Asia XI rebounded at Kingsmead to square the series with one match to play. Good contributions from the entire top order – the top six hit one six each, Shahid Afridi getting out the next ball but all the others at least passing 30 – saw Asia XI to 267 for 7, with the two Sri Lankans Kumar Sangakkara and Mahela Jayawardene making half-centuries. Kenyan Thomas Odoyo was statistically the best bowler for the African XI, with three wickets for 45, making him tied best wicket-taker for the African XI so far in the series.

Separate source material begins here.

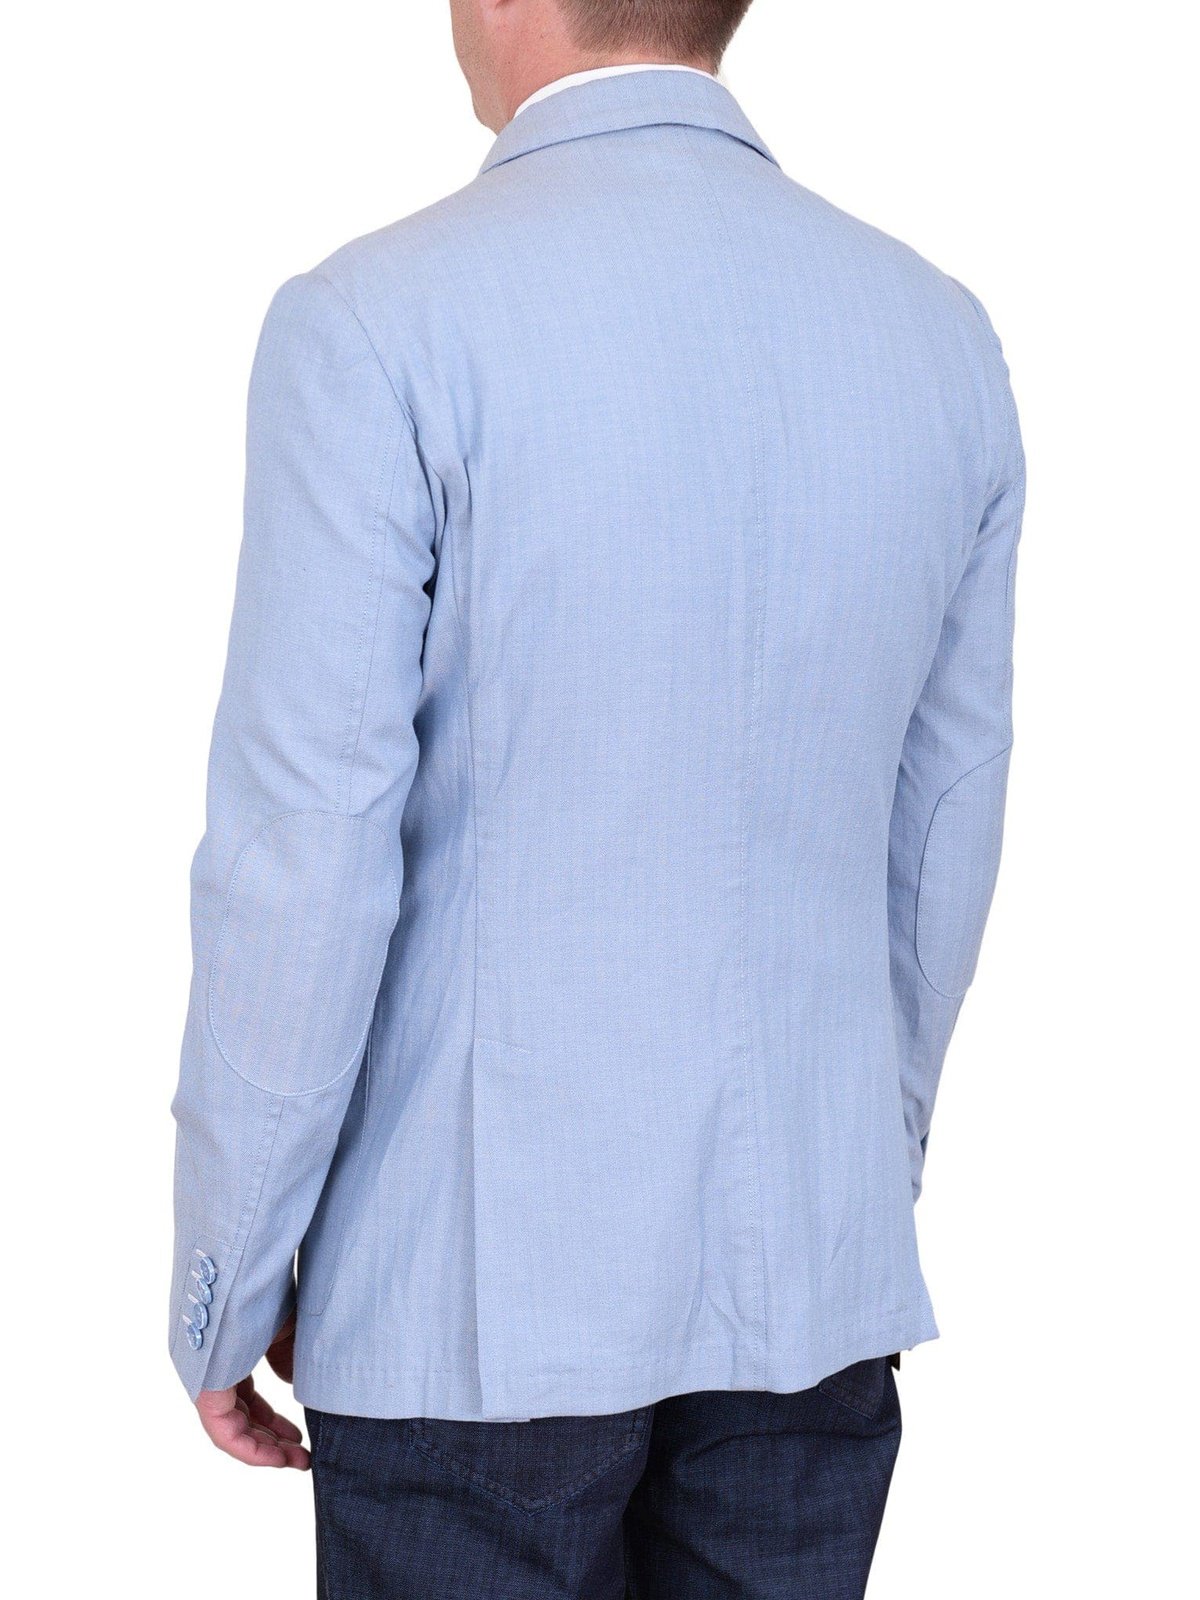 Label E BLAZERS Mens Modern Fit Sky Blue Herringbone Unstructured Cotton Field Jacket Sportcoat
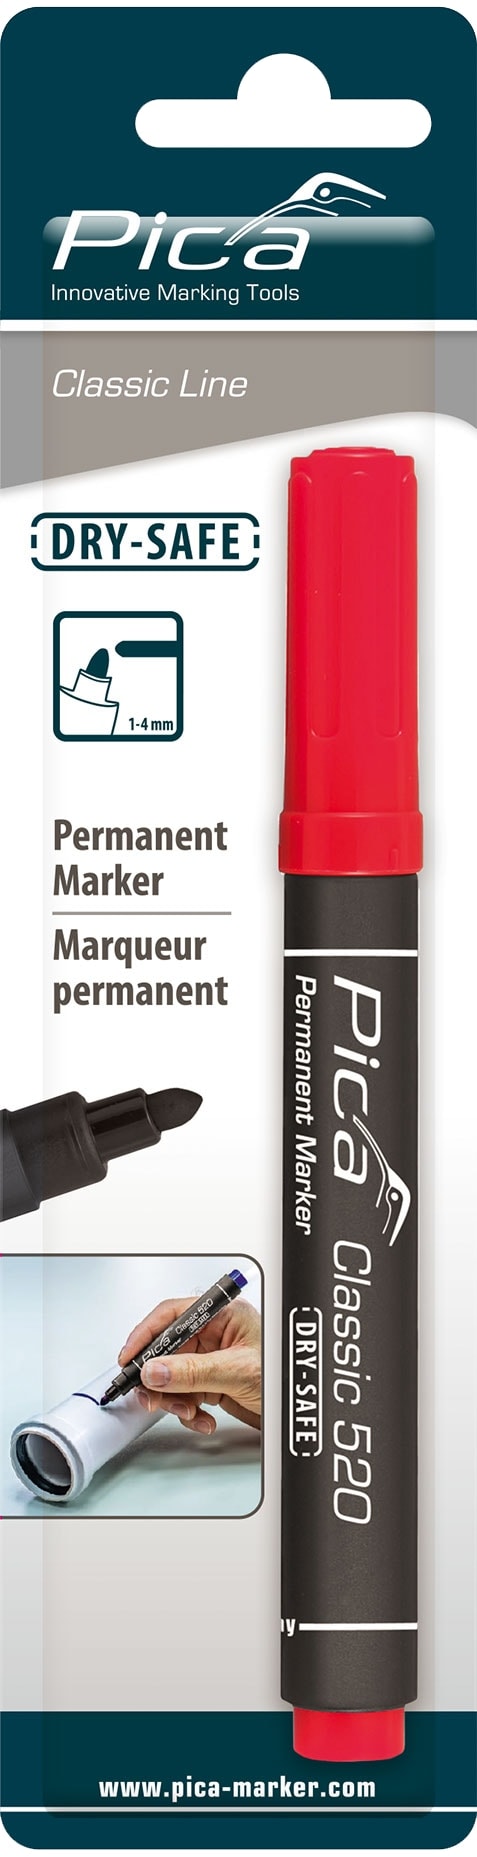 PICA Classic Permanent Marker, 520/40/SB, Rundspitze, rot

Indeed, the Kenyan contingent of the African side performed well, with Steve Tikolo making a run-a-ball 43 from number seven – but AB de Villiers used up 67 balls for making his 39, the African XI had to suffer three run outs, and in the end two wickets from Zaheer Khan wrapped up the African innings – 18 runs short of victory.

===Third ODI===

After Africa XI had been bowled out for a measly 106, rain poured down steadily on Kingsmead, and the umpires eventually declared that play was not possible. The rain had already caused the start of the game to be delayed for two hours, before Shoaib Akhtar and Zaheer Khan unleashed their fast bowling on the African side. When Tatenda Taibu departed for 10, the score was 51 for 7, and only good hitting and running from Shaun Pollock, who hit 44 not out, carried Africa past 100. Steve Tikolo, the top-scorer from the last match, was intriguingly dropped. Then, Dale Steyn and Shaun Pollock ripped out the two Asian openers Virender Sehwag and Shahid Afridi, and, with the score eight for 2, the weather intervened. No further play was possible, and thus the two continents shared the title.